Ma sérénité du réveil commence à se ternir d’inquiétude. Bientôt je repasse l’échelle par l’ouverture et descends me dégourdir les cannes.

Deux camions sont au mouillage, avec seulement leurs feux de position. Leurs pilotes doivent s’offrir une infusion de roupillon en attendant les aurores.

Quoi faire ? Tenter d’en amadouer un pour qu’il m’accepte à son bord ? J’ai remarqué que le stop semble bien fonctionner en Thaïlande. Seulement, tout routier est un auditeur de radio invétéré ; si j’ai fait l’objet d’un communiqué de recherches, ces mecs en ont été les premiers informés.

L’air fraichouillard de la nuit achève de me revigorer. Tout en demeurant dans l’ombre, je vais mater la station silencieuse.

De loin, j’aperçois un type à la place qu’occupait la mère Duras naguère : le préposé de noye. Il est minuscule, avec une gueule tout en os et porte un blouson.

Il lit un magazine illustré imprimé sur du papier-chiotte. Je n’ai rien à espérer de lui.

Je continue, à distance, mon tour de la construction. Sur sa face sud, il y a des gogues éclairés par une fléchissante loupiote qu’un mauvais contact fait palpiter dans l’obscurité.

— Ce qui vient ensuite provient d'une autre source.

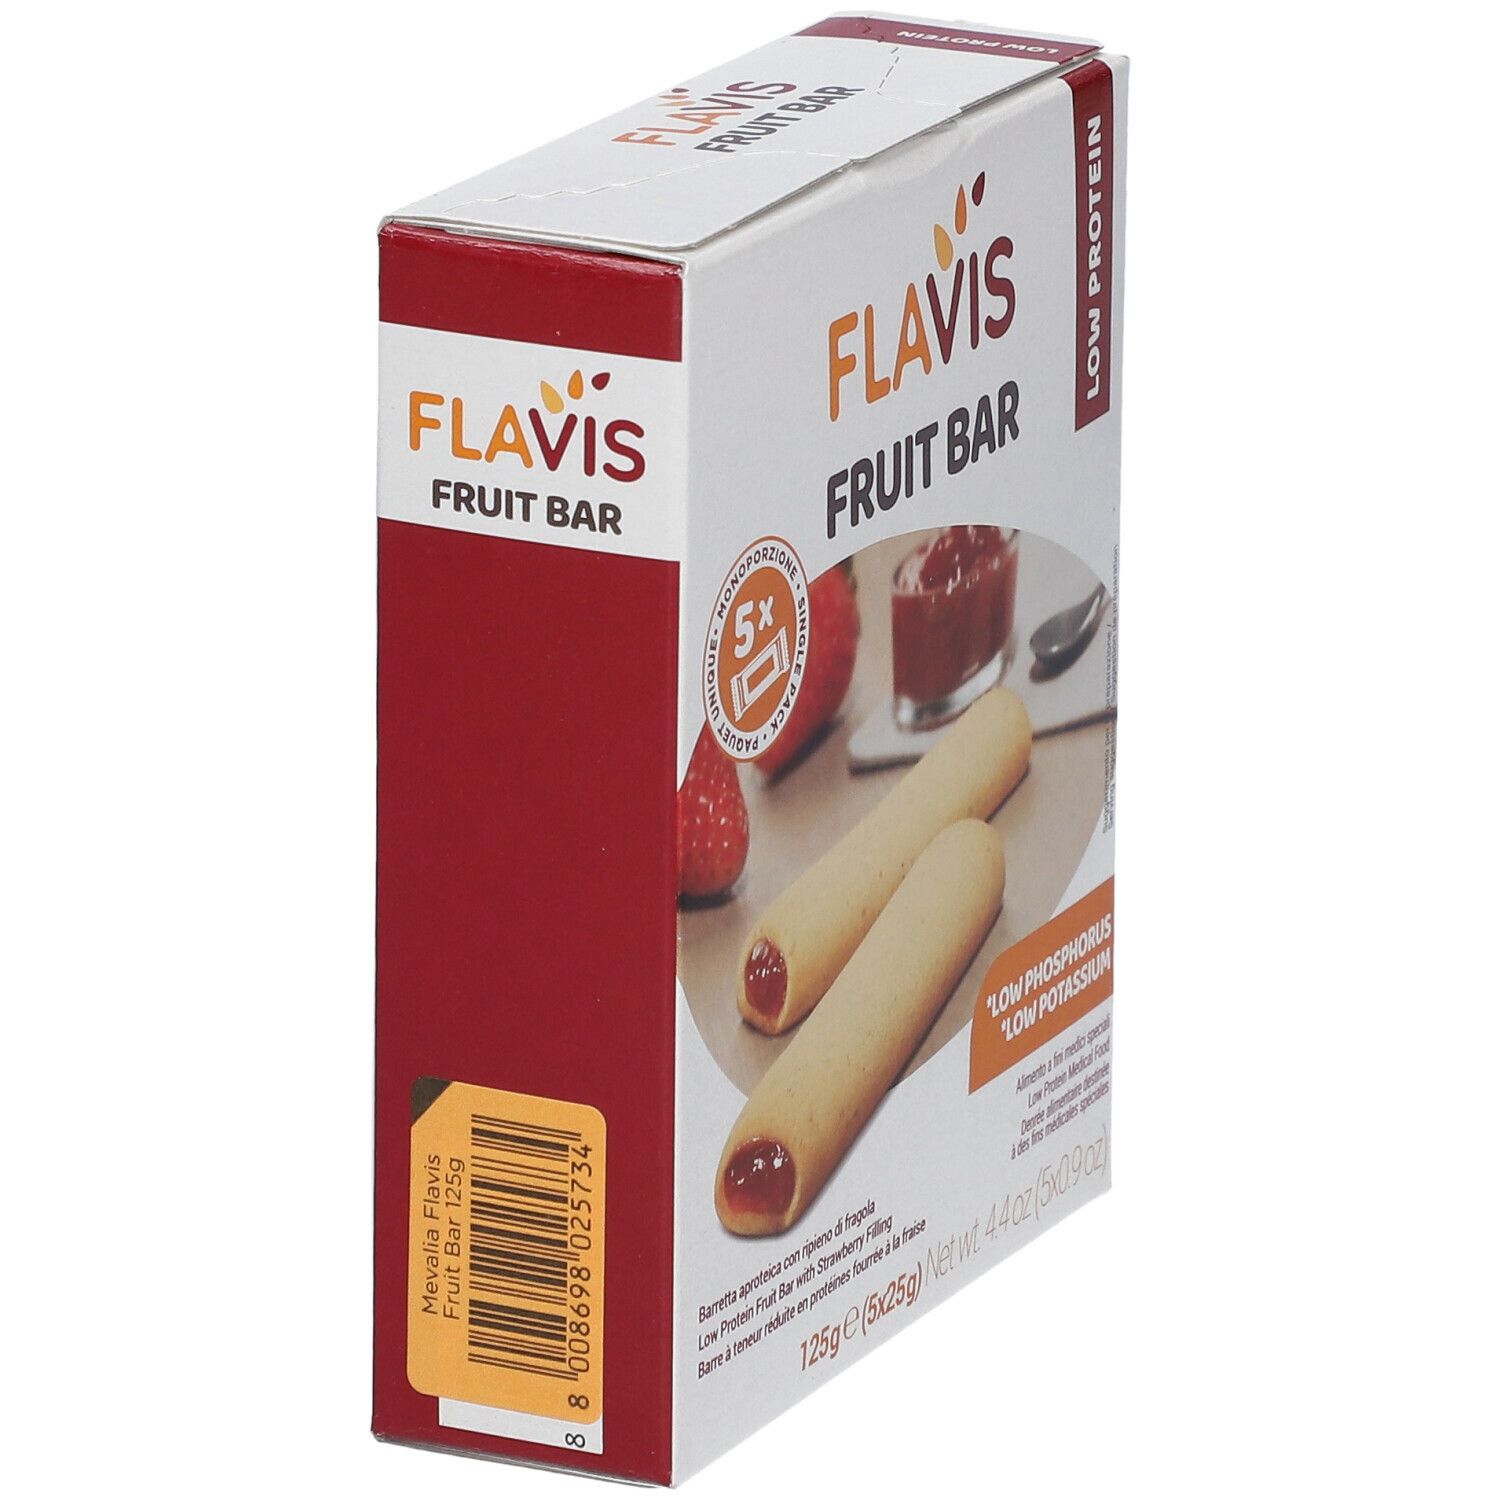 FLAVIS Fruit Bar

Non loin des vécés, j’avise une mobylette retenue à un anneau scellé par un antivol qui ferait rigoler un petit garçon de quatre ans.

Chouraver la péteuse ?

Rien qui ne te mette plus en vue. Je serais retroussé par le premier perdreau.

J’en suis là de mes décourageantes constatations quand mon lutin de poche, las de se branler les cloches en ma compagnie, décide à nouveau de faire quelque chose d’intelligent pour moi.

Ça se présente pour commencer sous l’aspect de deux phares impétueux et d’un ronflement de moteur. Intervient le couinement de freins sollicités en dépit du bon sens.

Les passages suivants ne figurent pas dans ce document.